> **EXERCISE BRIEF**:
Beneath this line are entries. Copy the range from the line with "Members of Toastmasters" to the line with "risotto cakes served on a side salad", ends included, exactly; leave pictures out.

> **EXCERPTED RECORDS**:
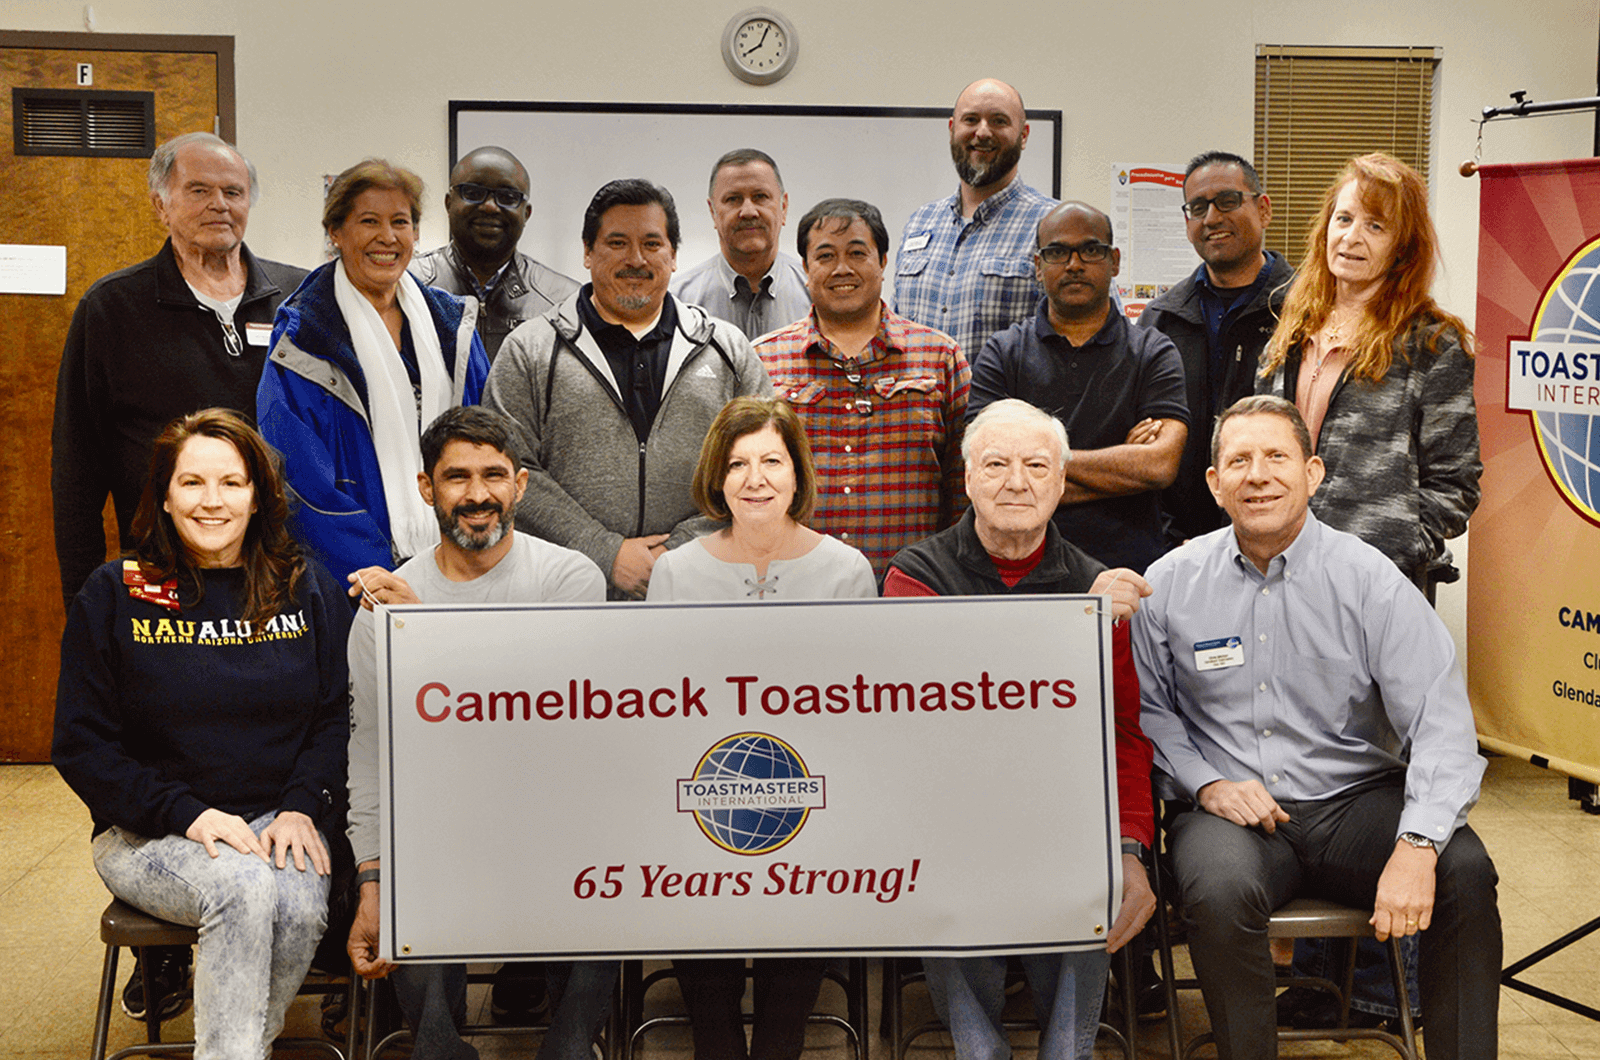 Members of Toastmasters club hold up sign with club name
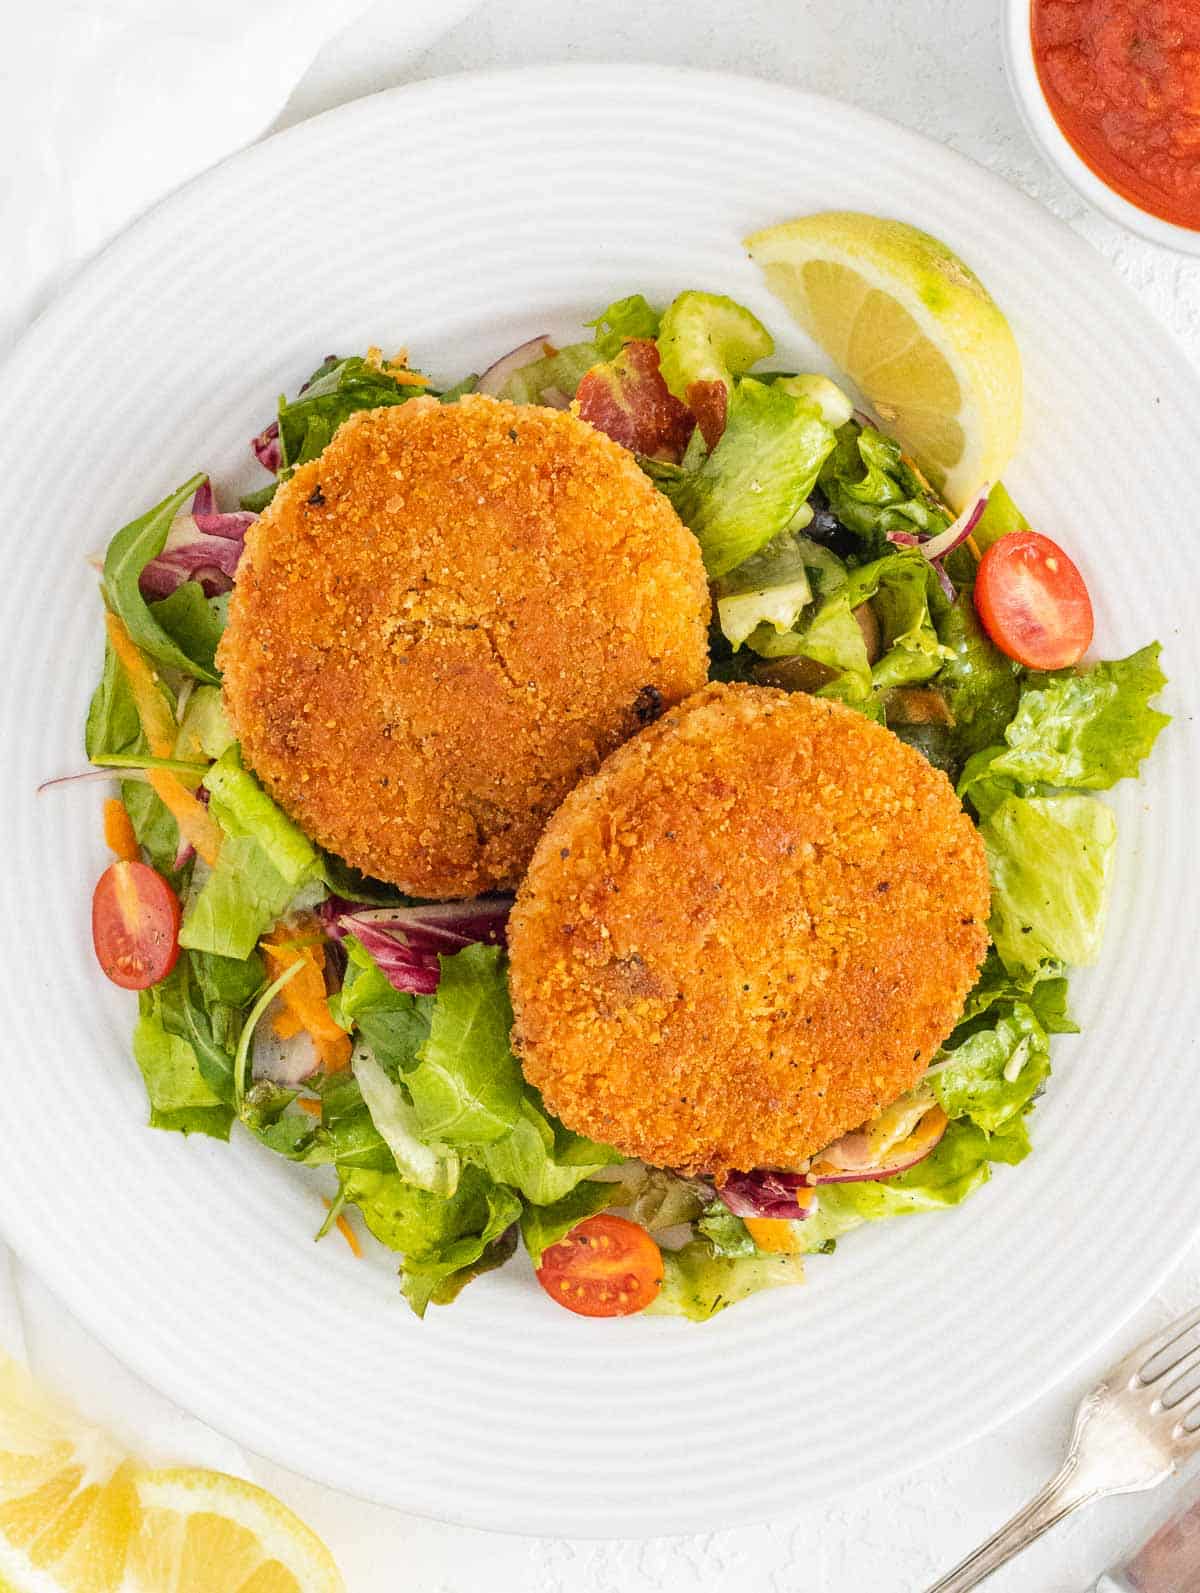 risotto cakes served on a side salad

--

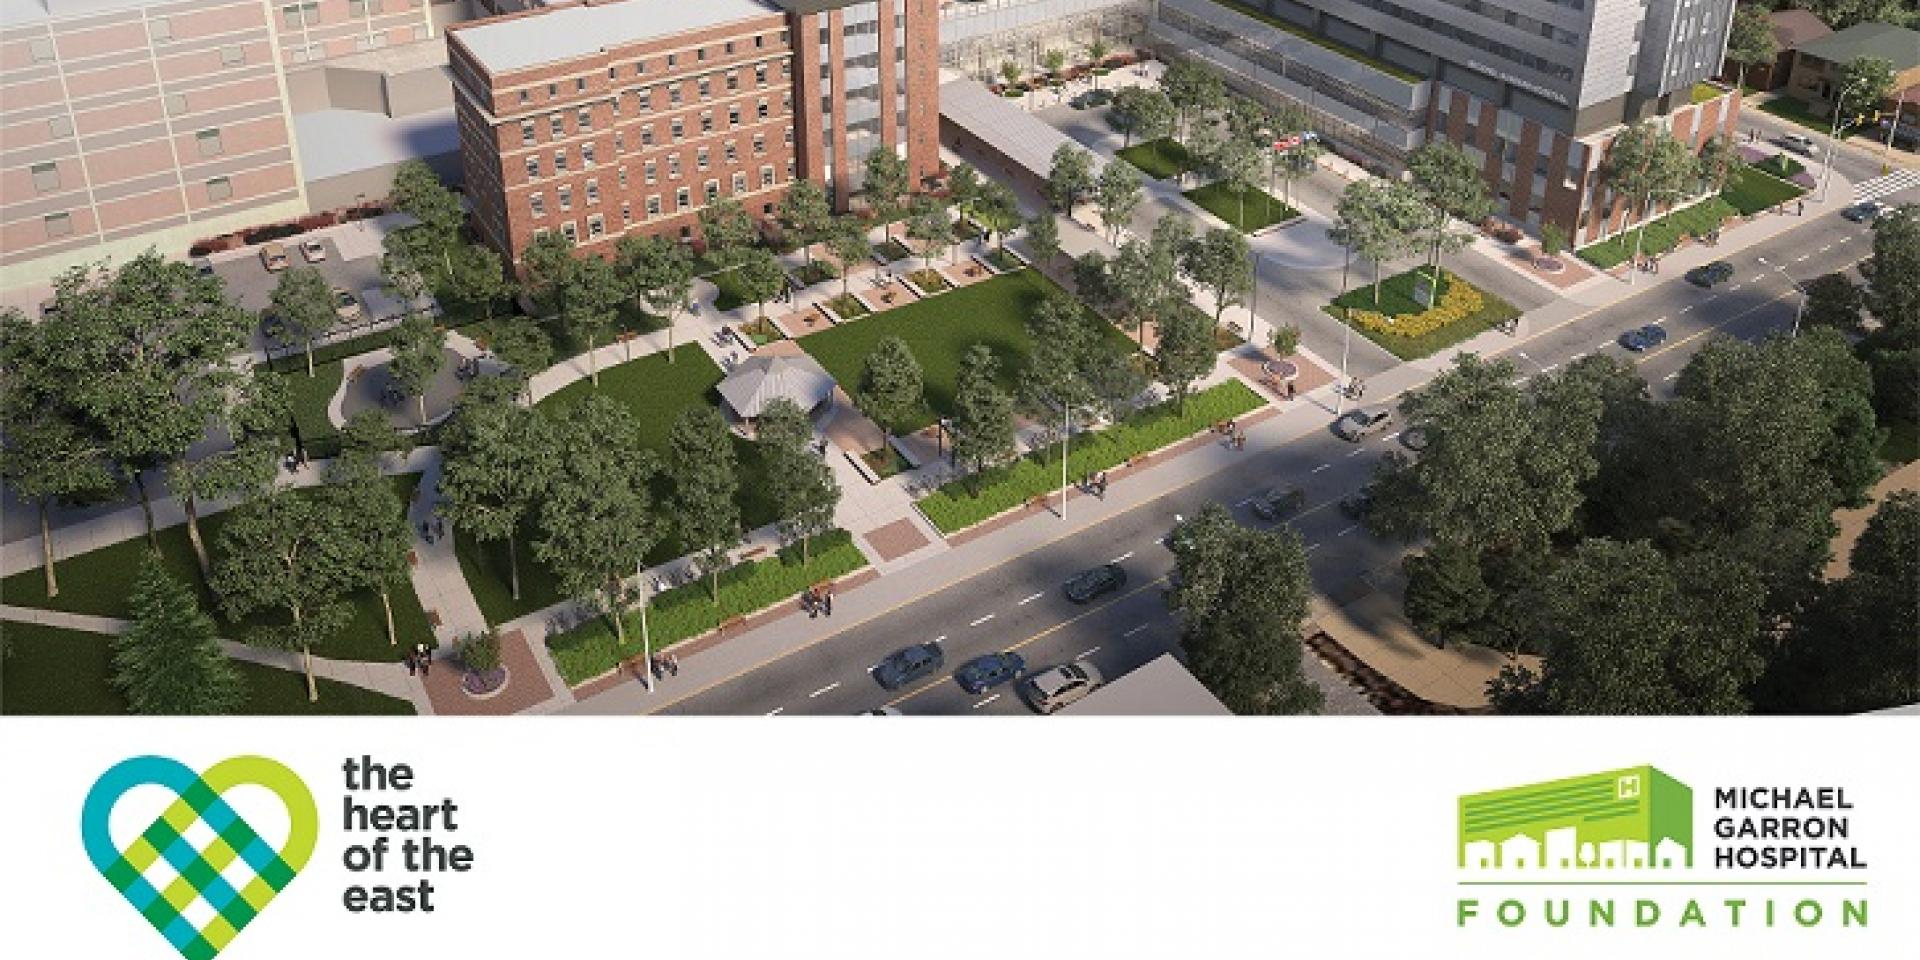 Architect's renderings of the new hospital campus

> **REPLY**:
 Members of Toastmasters club hold up sign with club name
 risotto cakes served on a side salad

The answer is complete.